# MTH535A: An Introduction To Bayesian Analysis

## Course Description

In this course, the students will be introduced to the Bayesian approach to statistics. We will start with some preliminary concepts about probability theory, and then we will gradually move towards data analysis. Students will learn the main philosophical difference between the commonly-taught Frequentist approach and the Bayesian paradigm. They will see some benefits of using a Bayesian approach, in terms of better uncertainty quantification and obtaining results that are more intuitive and more interpretable.

## Course Content

• Basics of Bayesian paradigm, with some examples
• A brief review of probability theory
• Bayes’ theorem and its implications, some examples
• Introduction to Bayesian inference
• Summarizing a posterior
• Conjugate priors
• Objective Bayes
• Bayesian computing: deterministic methods
• Markov chain Monte Carlo
• Diagnosing and improving convergence
• Bayesian linear models
• Bayesian Model comparisons
• Hierarchical models
• Case study demonstration
• Frequentist properties of Bayesian methods, decision theory

Course Materials

Lecture notes/slides will be provided. Additionally, students can read the following books:

1. Bayesian Statistical Methods by Brian J. Reich, Sujit K. Ghosh. Published in 2019, by Chapman and Hall/CRC (this book will be mainly followed).
2. Bayesian Essentials with R by Jean-Michel Marin and Christian P. Robert.
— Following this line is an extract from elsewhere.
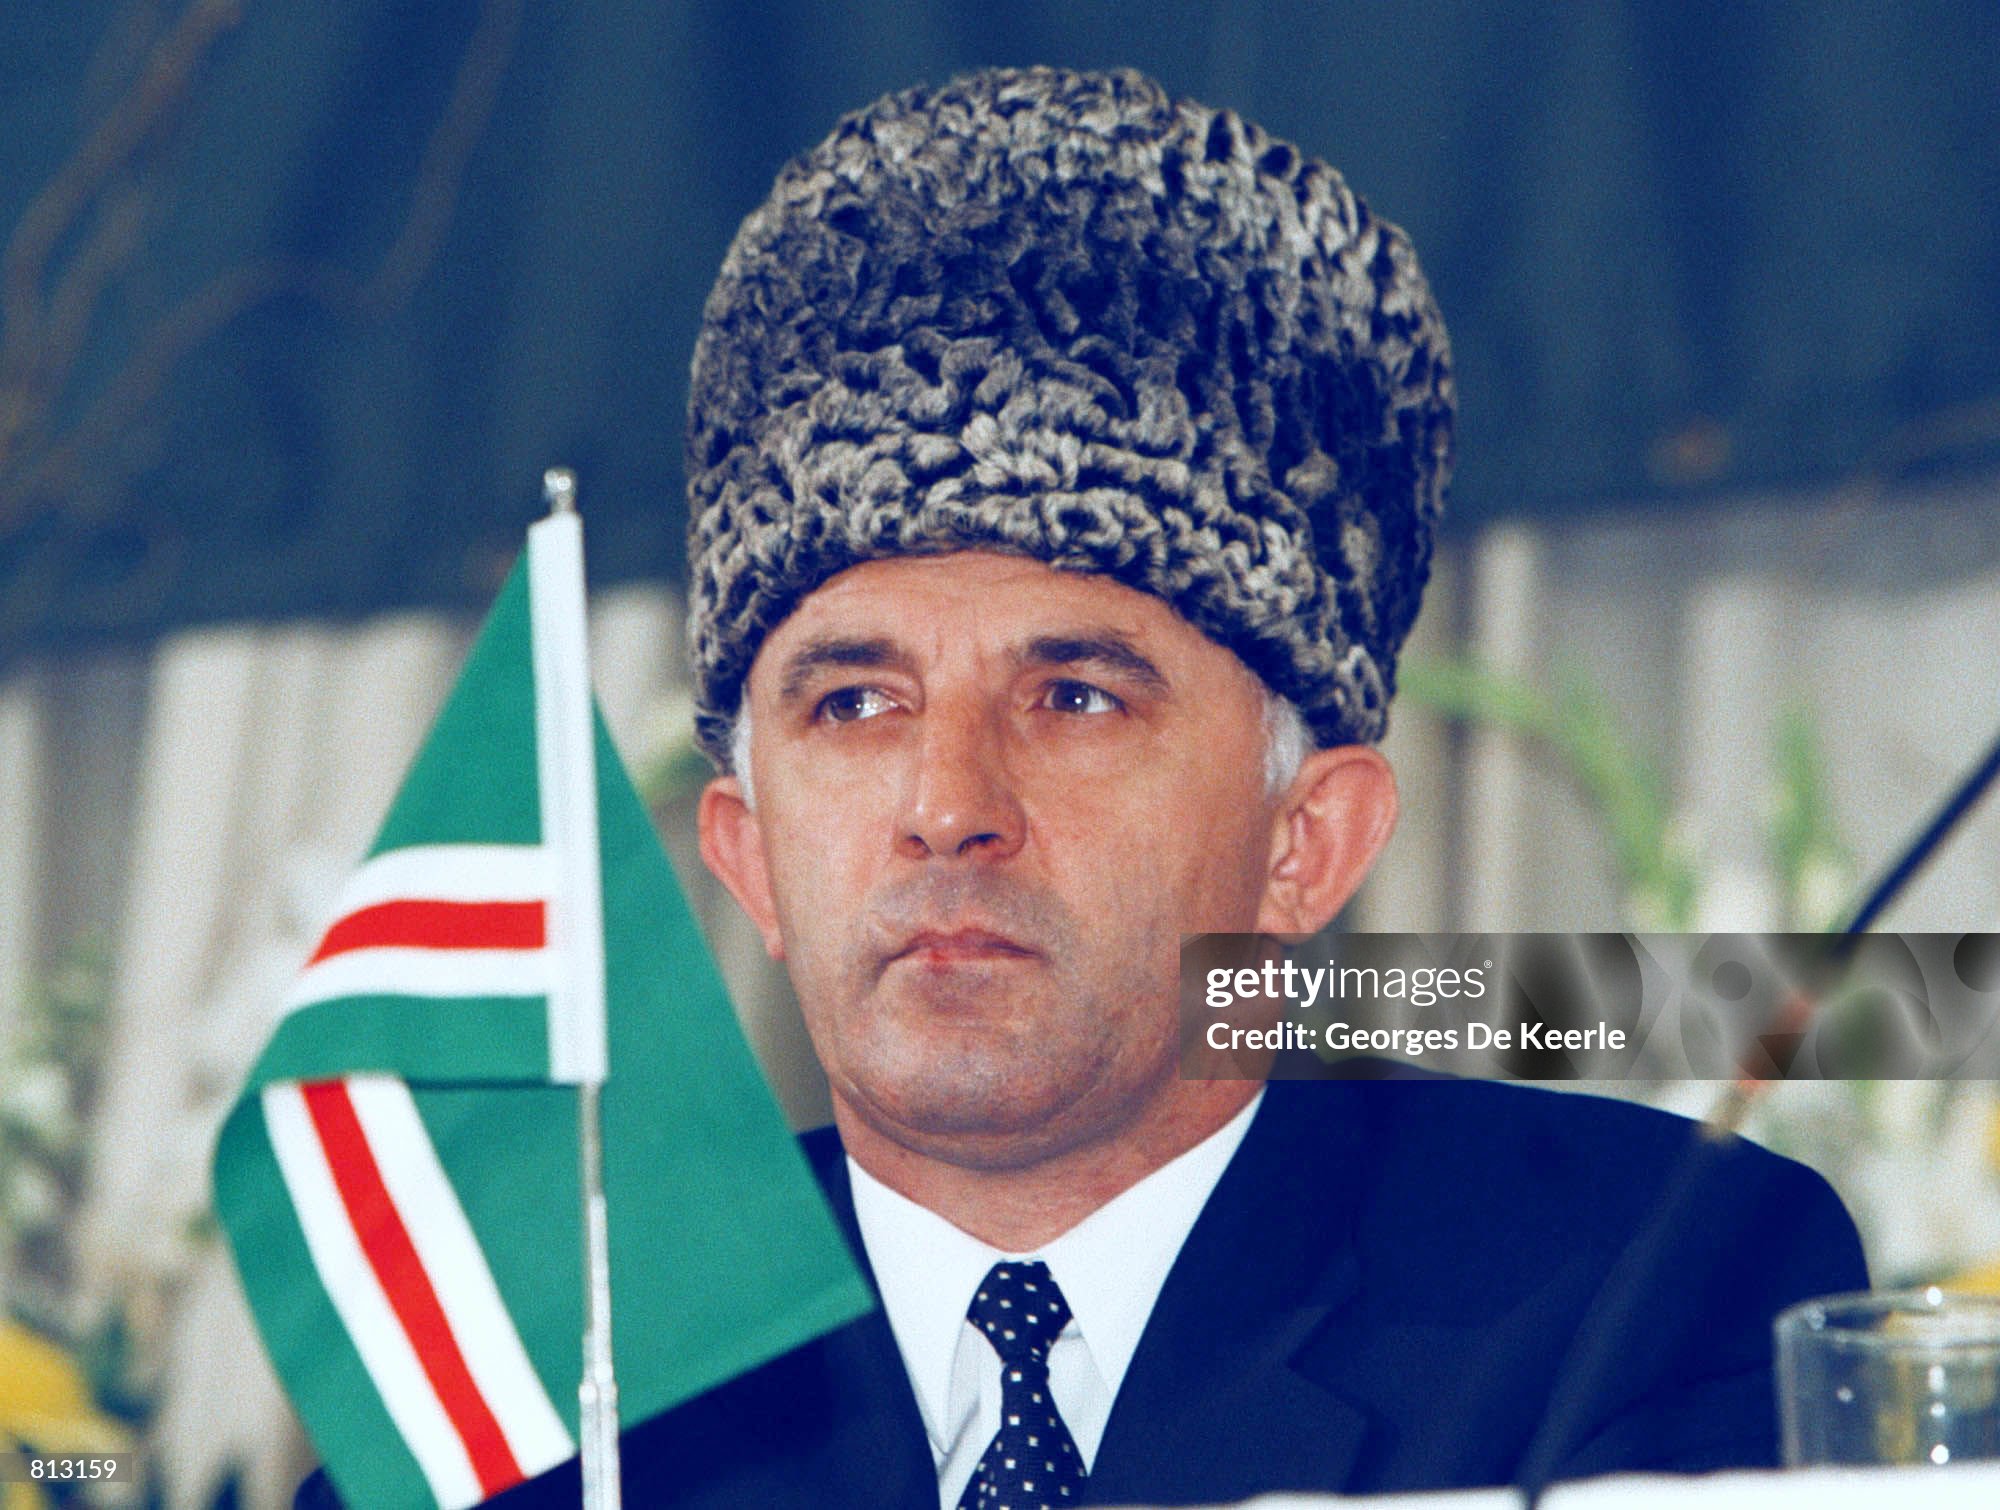 the-president-of-russias-separatist-province-of-chechnya-aslan-maskhadov-during-a-press.jpg

Published in 2014, by Springer.
3. Bayesian Data Analysis by Andrew Gelman, John Carlin, Hal Stern, David Dunson, Aki Vehtari, and Donald Rubin. Published in 2013 by Chapman and Hall/CRC. For non-commercial purposes, a free electronic copy can be downloaded from http://www.stat.columbia.edu/~gelman/book/.
4. A First Course in Bayesian Statistical Methods by Peter D. Hoff. Published in 2009, by Springer.
5. An Introduction to Bayesian Analysis by Jayanta K. Ghosh, Mohan Delampady, Tapas Samanta. Published in 2006 by Springer (printed Indian edition available).

Quiz

There will be roughly eight/nine quizzes and the best of six grades will be considered for final evaluation. Quizzes will be of the system-graded type (multiple choices with single or multiple options correct, True/False).

Final project

A final group project report will be due by April 22, 2022. The group sizes will be four or five. Tentative plan: Students have to reproduce methods of some research papers (students can choose and can discuss with me) and have to apply them to new datasets.
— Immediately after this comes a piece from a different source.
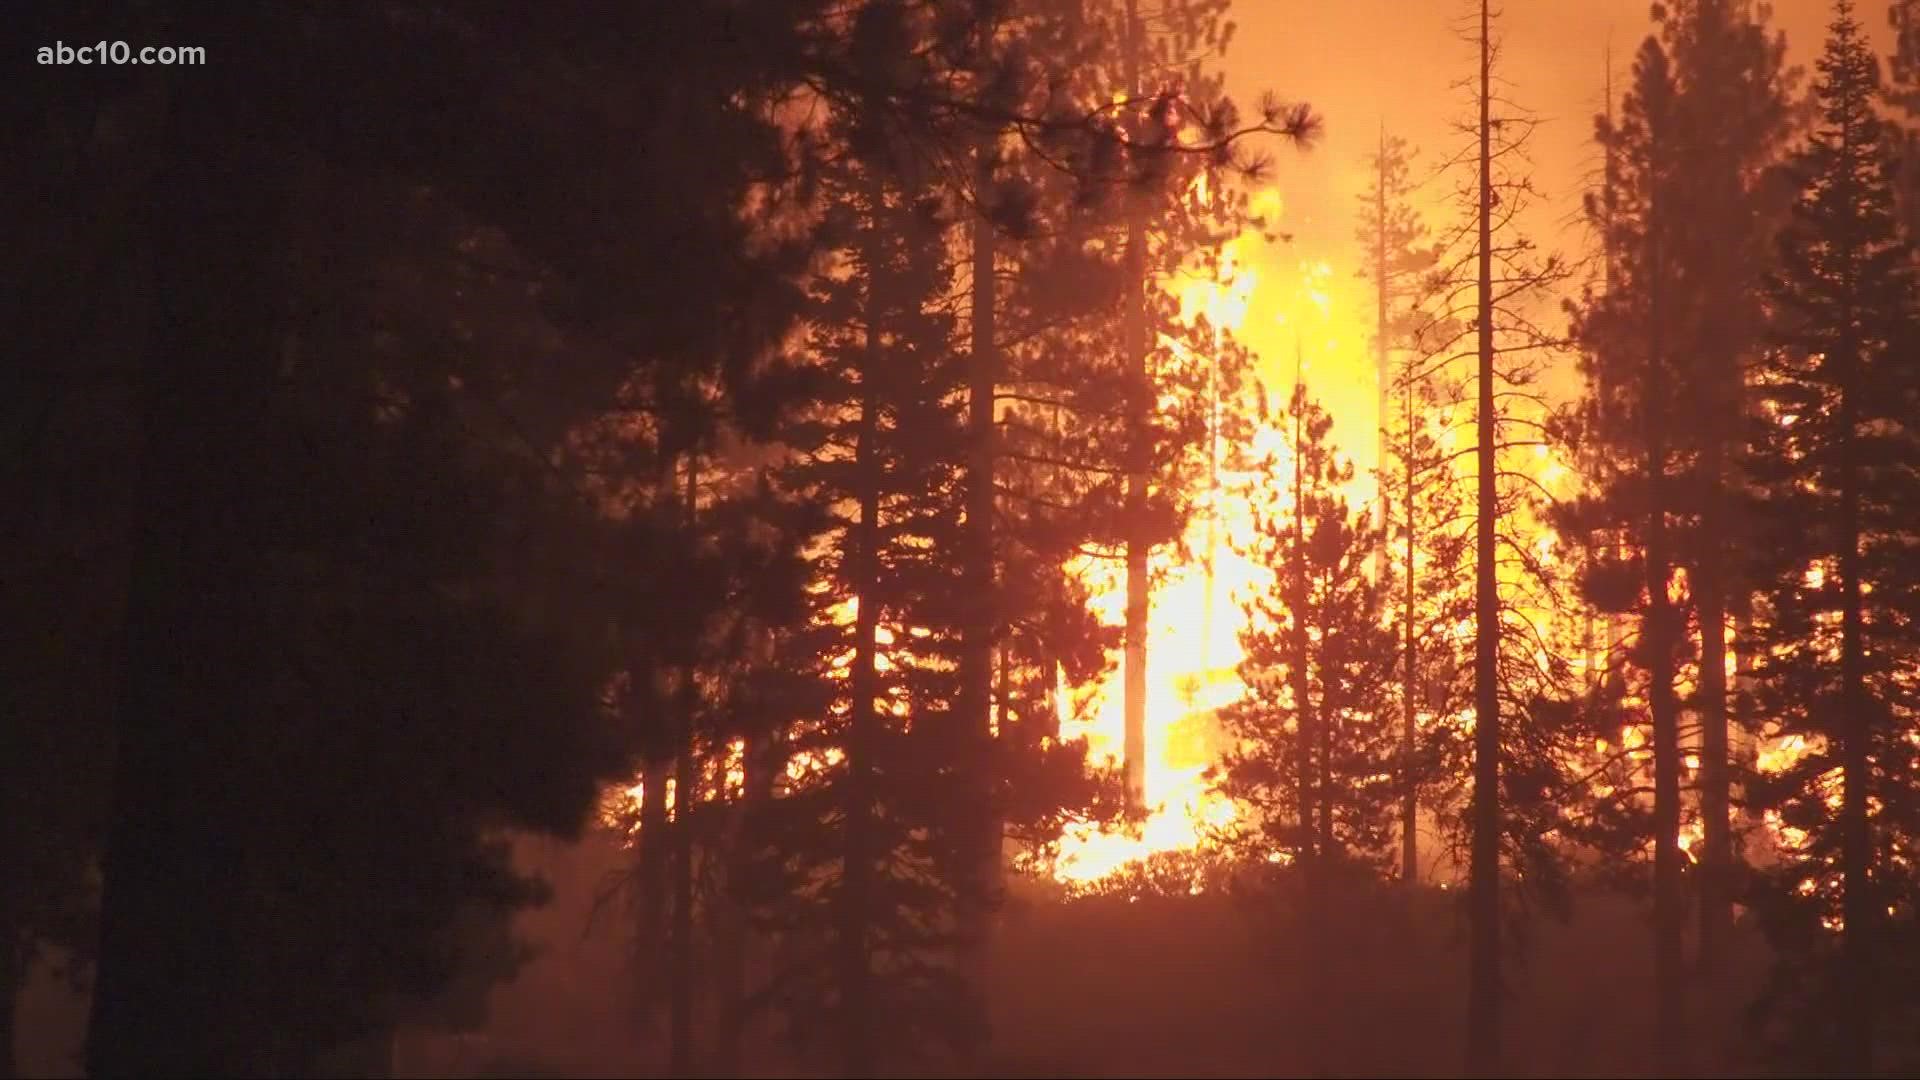 Fire officials said the Caldor Fire has made its way down to Christmas Valley and Meyers in El Dorado County.

Final Semester Score = (30Q + 20M + 20F + 30P)/100, where Q is the Quiz average, M is the midterm grade, F is the final exam grade, and P is the final project grade (all out of 100).

Course structure

The course structure is inspired by “A Bayesian Statistics Course for Undergraduates: Bayesian Thinking, Computing, and Research” by Jingchen Hu (2020), Journal of Statistics Education, 28:3, 229-235.
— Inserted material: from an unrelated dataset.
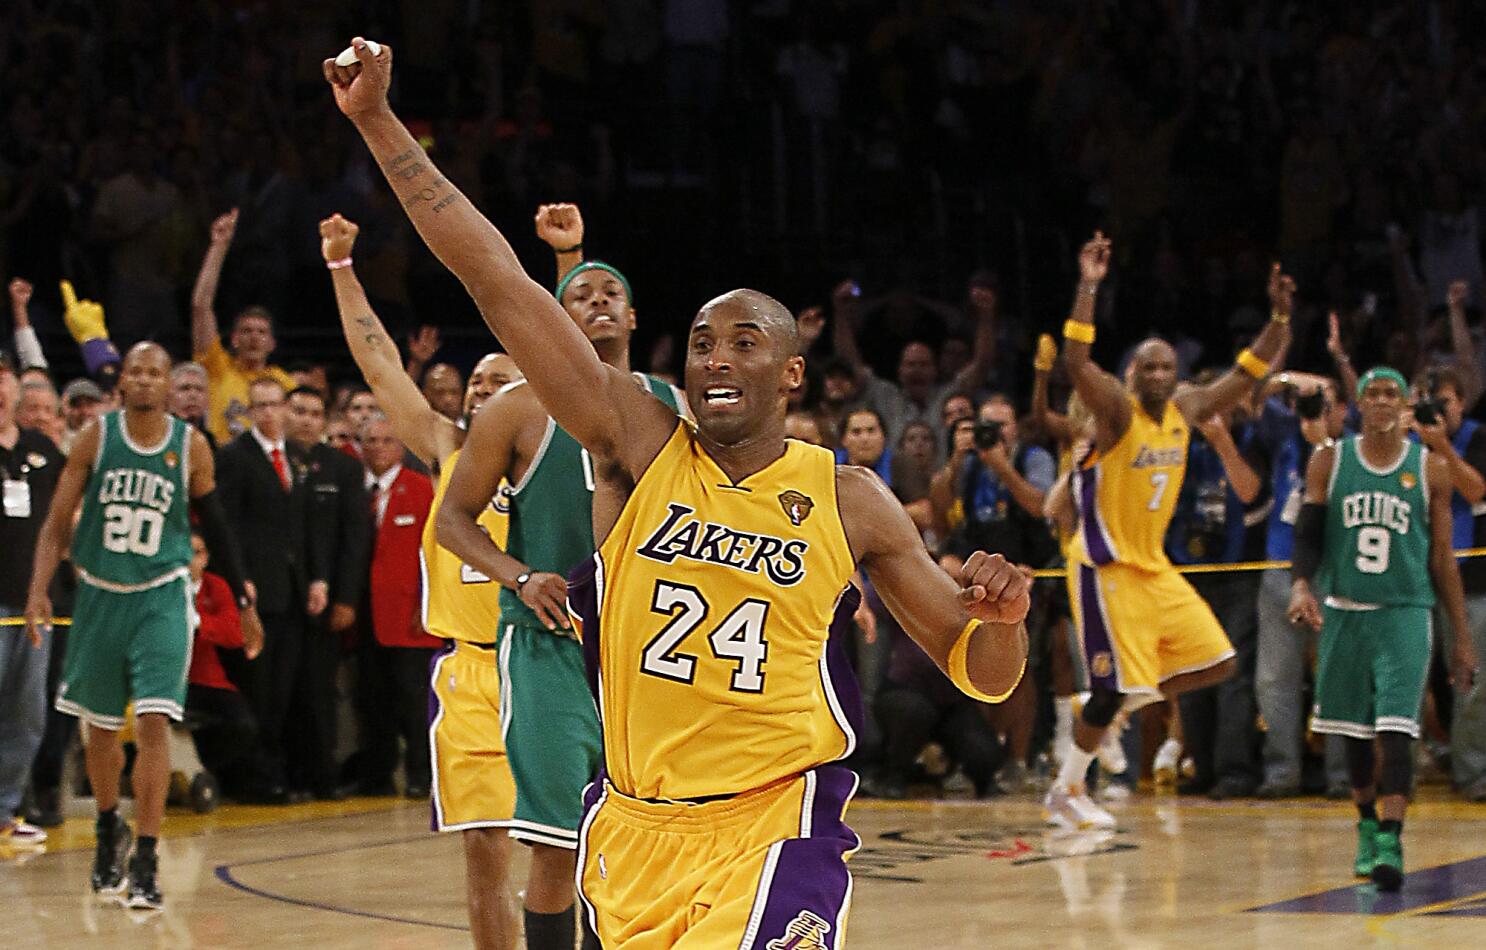 June 17, 2010 🏆 The Lakers won Game Seven over the Boston Celtics in the NBA  Finals.

Some of the course contents are influenced by the courses Applied Bayesian Analysis (MS level) taught by Brian J. Reich and Bayesian Inference and Analysis (Ph.D. level) taught by Subhasish Ghosal, at North Carolina State University, United States.

## Course Audience

Prerequisites

1. Basic probability theory
2. Some algebra and calculus
3. Basic visualisation techniques
4. Statistical computing using R/JAGS

## Outcomes of this Course

After completing this course, students will learn the concepts of the Bayesian approach, the key differences between the Bayesian and Frequentist paradigms, different types of priors, and they will have the ability to do basic data analyses.